The way out would probably be NVIDIA working with its partners and customers to submit even smaller DGX/HGX clusters. At the same time, NVIDIA’s market cap gains are being driven by its H100’s AI performance rather than its traditional HPC performance.
Thank God for STH! The HPC community is an echo chamber. They’ve got small media in the pocket of vendors so they’ll never call them out like this or just flat state what we’re all seeing that NVIDIA doesn’t care about HPC even if they say they do. The margin is in AI so that’s where the money is for these chips.
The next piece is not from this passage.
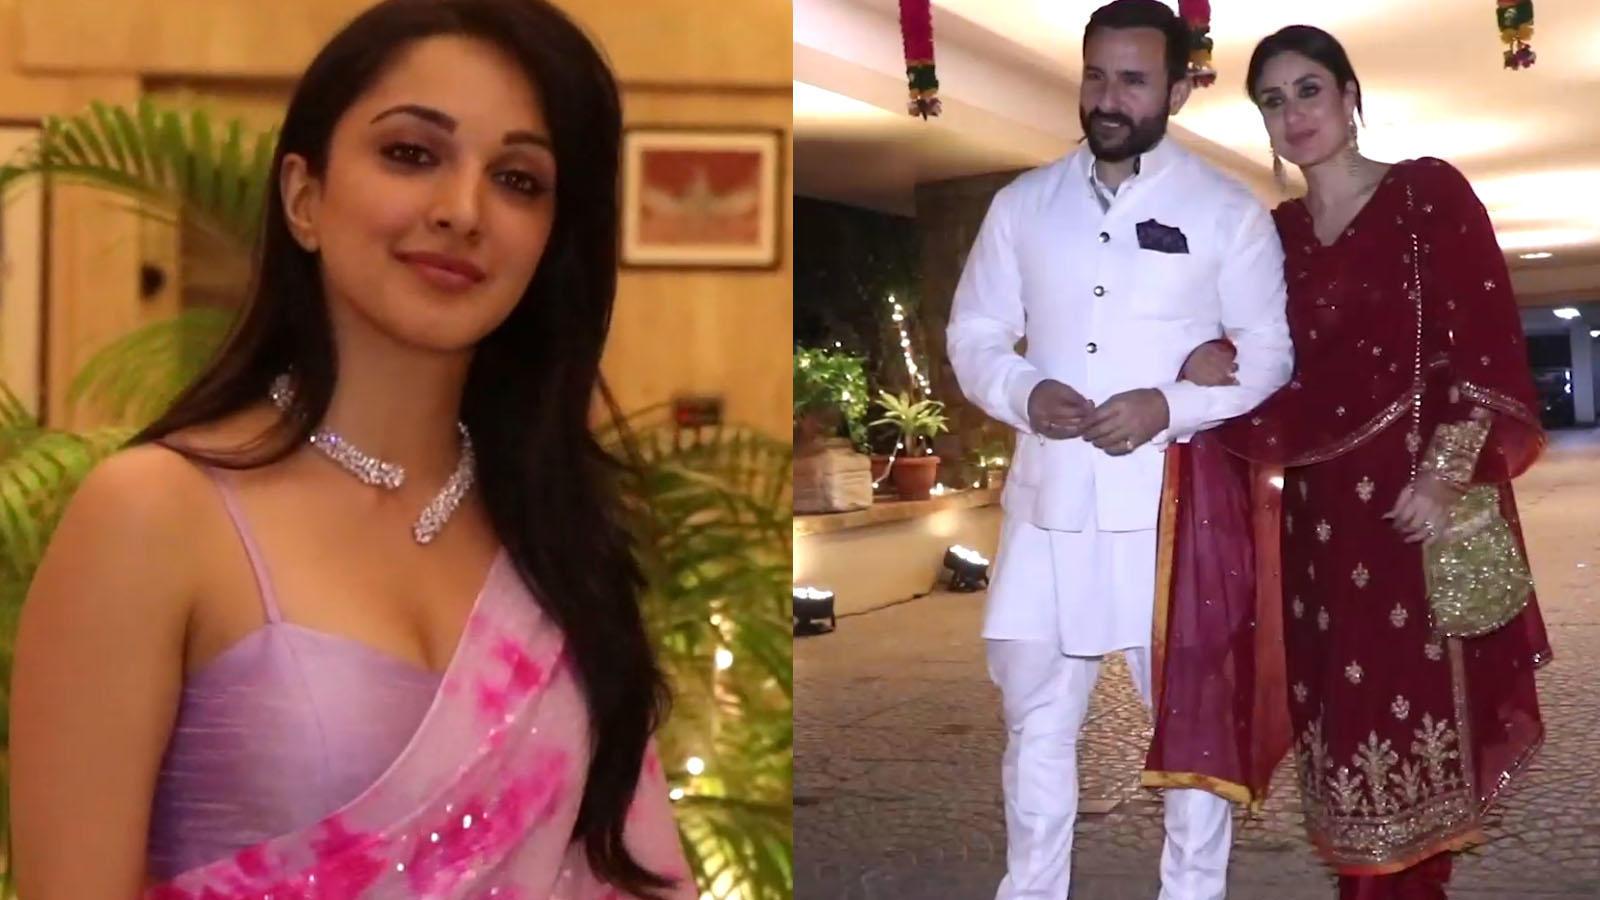 Kareena Kapoor-Saif Ali Khan, Kiara Advani and other Bollywood celebs dazzle at Armaan Jain's roka ceremony

It’s refreshing to see a big site state the obvious, even if you’re a bit late on calling this.
F I R E
There’s gonna be pitchforks for sure but ya got it right.
I appreciate that you don’t just recite the findings and have a unique perspective.
Why no vid on this?
Your youtube videos are so popular you’d reach more with this message.
If you want change you’ve gotta hit both audiences
The lack of relevance of the HPL to problems of scientific interest has been pointed out by Jack Dongarra the creator of the benchmark for some time. The problem is that real HPC is memory, latency and bandwidth bound while the benchmark primarily reflects floating point performance.
The HPCG is more relevant and it’s interesting that in 2023 Fugaku is ahead of Frontier by 14 percent on that benchmark.
I agree benchmarks of cloud infrastructure not actually be used for scientific computing, while interesting as a point of comparison, do not belong on a list of the top 500 machines devoted to research and science. To keep the noise from drowning out the signal, I would suggest retaining 500 machines for which half the cycles are devoted to HPC. Those systems which don’t satisfy this requirement could appear as extra entries in order with footnotes on the list but not enumerated with an official ranking.
Is there any point in keeping the list so long? Are there that many systems doing classical FP64 HPC anymore? I think it would be better to toss out the fake systems and list only the top 100 or so.
They’ve got to clean this up. I can’t believe they even allowed 19 same customer and site Lenovo systems. They’re also allowing all of these Lenovo systems to be anonymous. If you look at the data they’re not getting classified HPC systems on the list with that. They’ve just been getting these web hosting customer systems from Lenovo.
You’re right, they’ve had to choose having a good list and having a big list and they chose a big list.
In reply to “Are there that many systems doing classical FP64 HPC anymore?”
There are thousands of such systems. Some have been bumped off the list by general cloud infrastructure and a certain vendor’s advertising gimmicks. Others never ran the HPL benchmark, possibly because it is irrelevant and there are real scientific computing workloads more important to optimize for performance. For example, this may be why recent Chinese exascale systems were never submitted to the list.
Advances in AI have also lead to increases in HPC because traditional HPC is often the cheapest or only way to create the training data.
The bigger death kneel for Top500 is that it doesn’t count the dozens of exascale AI training systems at hyperscalers as “real” supercomputers since they don’t run fp64. It used to be that the hardest problems that had the most compute thrown at it were all double precision, but the elephant in the room is that 16 bit training workloads have usurped fp64 as top dog, and this happened years ago.